The various disciplines of finance are:

a) Investment Analysis & Portfolio Management: - Investment analysis deals with analysis of past investment
decision. It is very useful for successful portfolio management.

b) Capital Markets and Financial Institutions: - Source for raising funds, includes study of primary and secondary
markets and market participants like intermediaries.

c) International Finance: - International finance is the branch of financial economics broadly concerned with
monetary and macroeconomic interrelations between two or more countries. It examines the dynamics of the global
financial system, international monetary systems, balance of payments, exchange rates, foreign direct investment,
and how these topics relate to international trade.

d) Financial Services: - It involves study of banks, credit card companies, insurance companies, consumer finance
companies, stock brokerages, investment funds and some government sponsored enterprises.

e) Corporate Finance: - Corporate finance is the discipline of finance involving various money related decisions and
tools and methods which a firm uses for investment-financing decisions.
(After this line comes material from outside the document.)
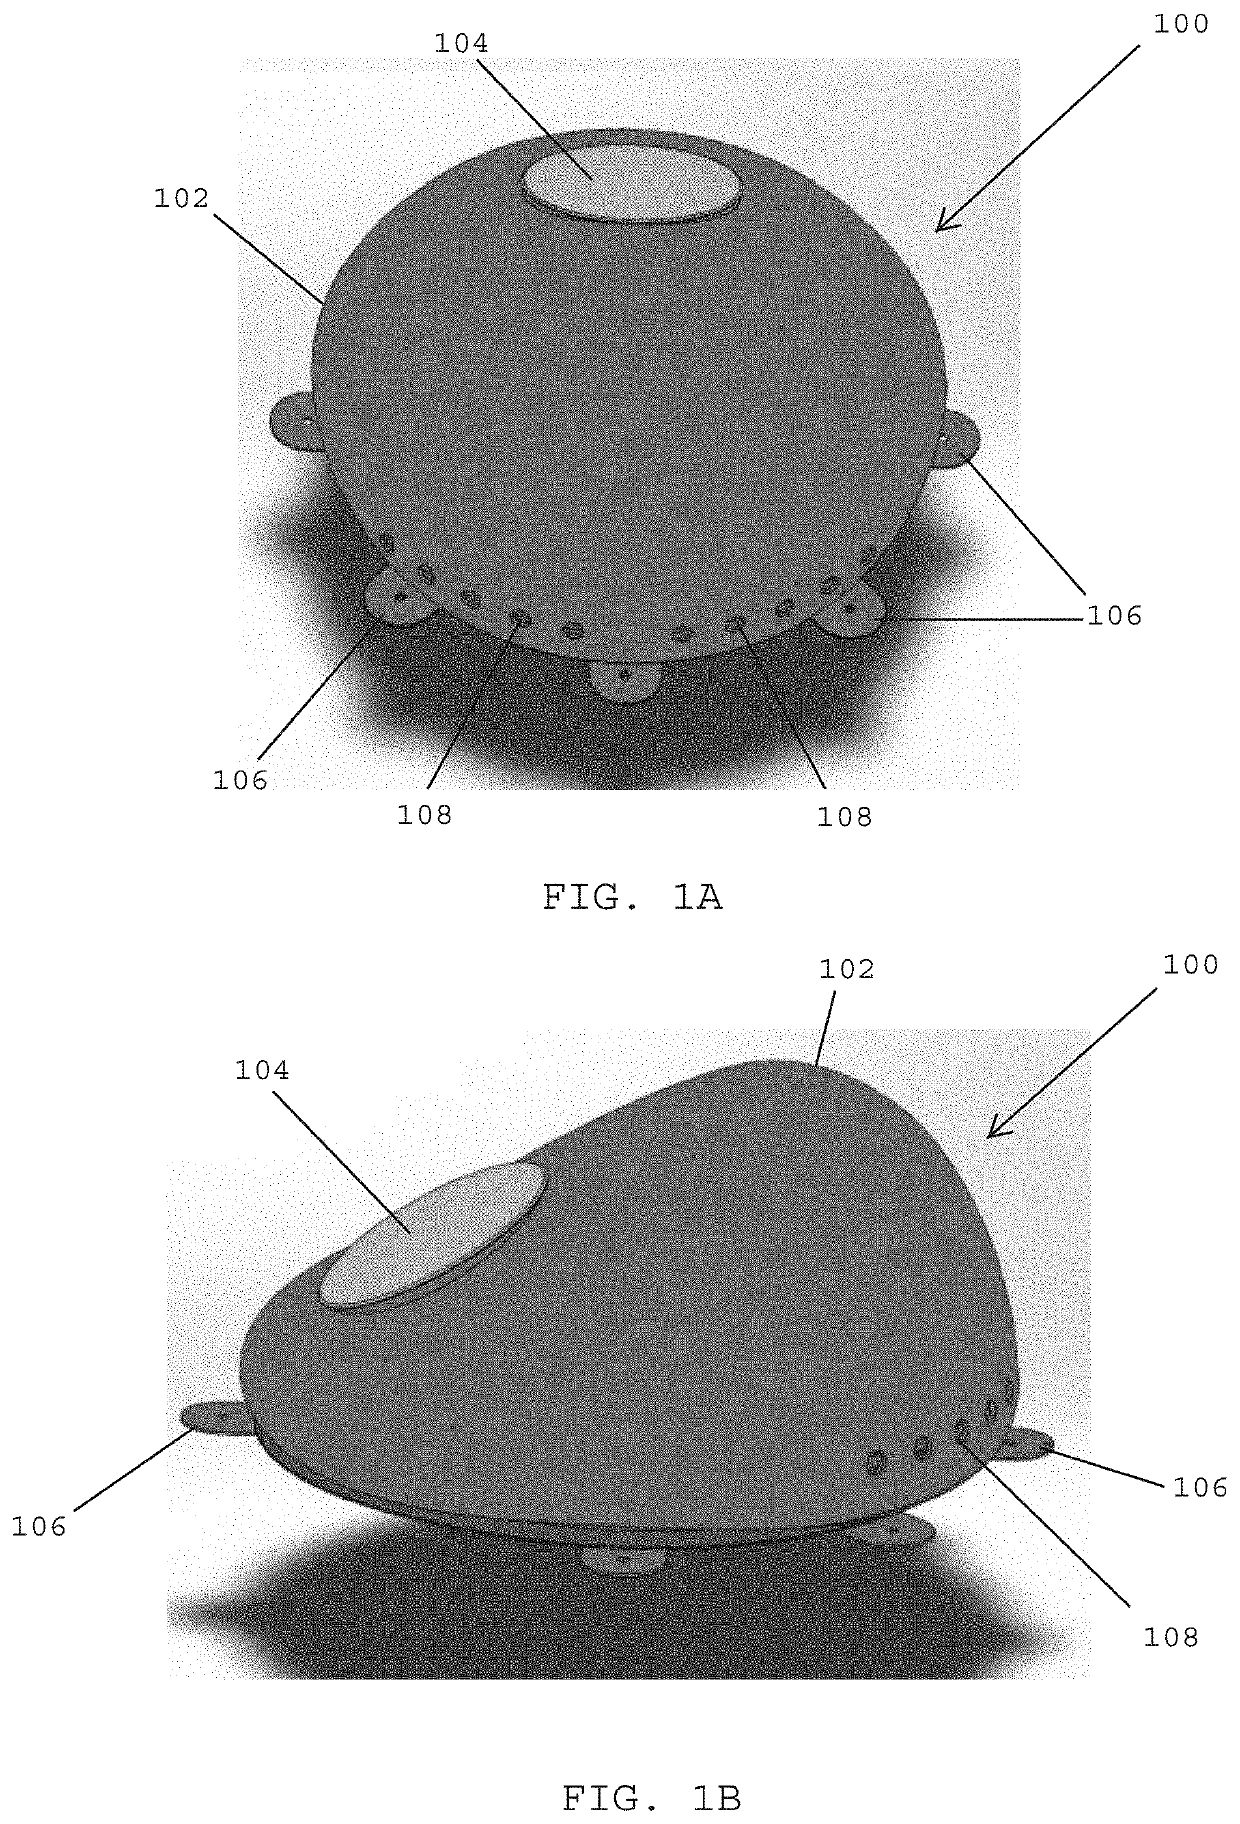 Tissue expanders having integrated drainage and moveable barrier membranes

f) Personal Finance: - Principles of finance applicable to individuals for consumer loans, mutual funds, shares,
insurance, tax etc.

g) Real-Estate Finance: - Allocation and generation through investment in real estate business.

h) Public Finance: - Related to government and its enterprises, may disinvestment decisions, fiscal policies etc.
Finance was evolved through economics and even now, it has no unique body of knowledge. It draws heavily from
other disciplines.
UNIT-II
1. a. How can one become millionaire using the power of compounding?

b. Your brother has offered to give you $5,000 after one year or $10,000 after 9 years. if the interest rate is 6% which
offer is the preferred one?

2. a. What do you understand by effective rate of interest?

b. A bank offers 8% nominal rate of interest with quarterly compounding what is the effective rate of interest?

3. a. Why learning Time value of Money concepts is important?

b. If we deposit Rs. 1,000 today calculate the time taken for the deposit to double if the interest rate is 10% ,
compounded annually , using

a. Future value method b. Rule 72 c. Rule 69

4. a. What do understand by ‘amortization‘?

b. Against a house, mortgage loan is obtained for Rs. 10,00,000 for 15 years and at annual interest of 12%. What is
the annual payment?

5.a. What is yield to maturity for a bond?

b. A five-year, $1000 bond with an 8% coupon rate and semi-annual coupons is trading for a price of $1035. What is
the bond’s yield to maturity?

6.a. What do you understand by dividend discount model?

b. Hal wants to buy 500 shares of Xenon Corporation’s common stock. Xenon’s next dividend payable one year from
today, is expected to be $3.50 per share. The dividend is expected to grow at a 2 percent rate for the foreseeable
future.

i) If the investor-required rate of return is 16 percent, what will be the price per share of Xenon’s common stock
today?

ii) Hal expects to hold the stock for only two years. What is the estimated selling price of the stock two years from
today?

7. a. What is an annuity ? How does is differ from a perpetuity ?

b. How can you calculate the present value of an annuity using perpetuities ?

8. A company will pay a dividend of $1.50 this year. Dividends are expected to grow by 6% per year. If equity cost of
capital is 10% what is the price per share.